Editor's note: This article appeared in the September 27, 2010, edition of Quirk's e-newsletter.

Many consumers continue to be wary of larger banks, citing fees and distrust. Not surprisingly, only 36 percent of big bank customers trust their bank, compared to 57 percent of credit union customers, according to a study from Chicago research company Mintel. Despite that fact, however, 48 percent of those surveyed have their primary checking account at a large national institution.

"Research shows that people really do want a relationship with their banking institution, one based on openness and fairness," says Susan Menke, vice president, behavioral economist, at Mintel Comperemedia. "But people are banking at larger banks primarily for two reasons - convenience and rewards."

Ten percent of participants have switched their primary bank account to a credit union in the past year. Meanwhile, almost 60 percent of respondents agreed that "trust in a brand is more important than price." In addition, consumers described trust in a financial brand in very similar ways to trust in personal relationships, with more than 75 percent placing "honesty" and "respect" at the top of their list of 12 attributes for both.

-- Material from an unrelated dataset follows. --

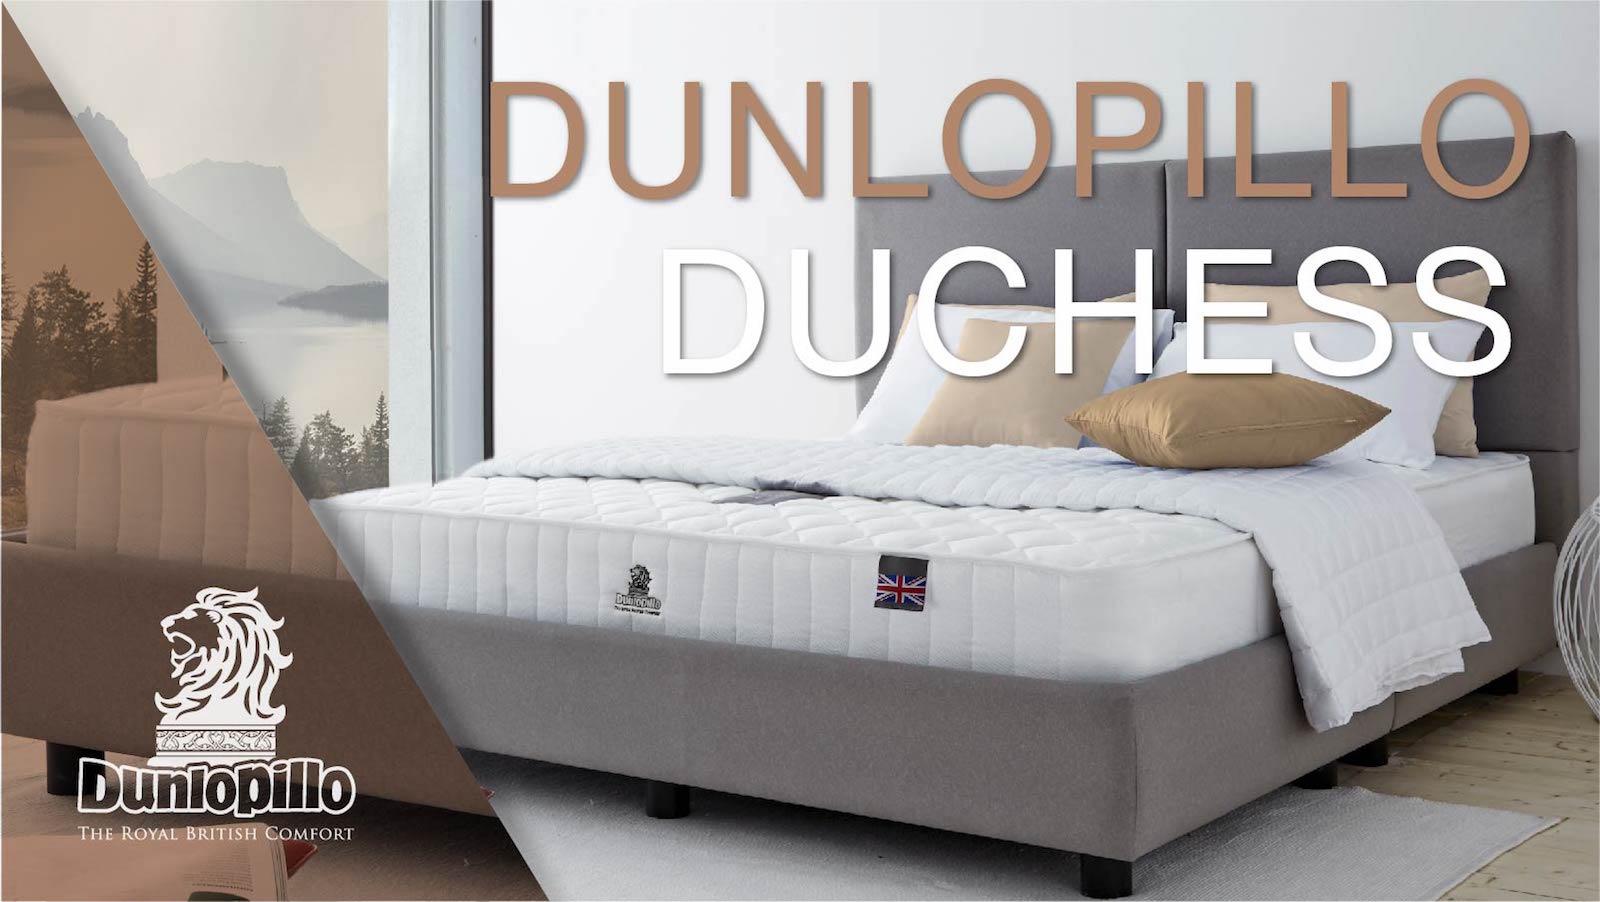 ที่นอน Dunlopillo รุ่น Duchess

There has been a tremendous amount of discussion in the industry about how Regulation E (regarding electronic funds transfers) will impact the profitability of banks, as they are more constrained in their ability to charge overdraft fees. "Most banks would like to reinstate annual fees on checking accounts and debit cards to make up the difference," says Menke. "But banks, particularly the large ones, will be met with substantial resistance from their customers."

However, research shows that people would feel less resentful about paying fees if larger banks made a greater effort to do more relationship marketing with their customers.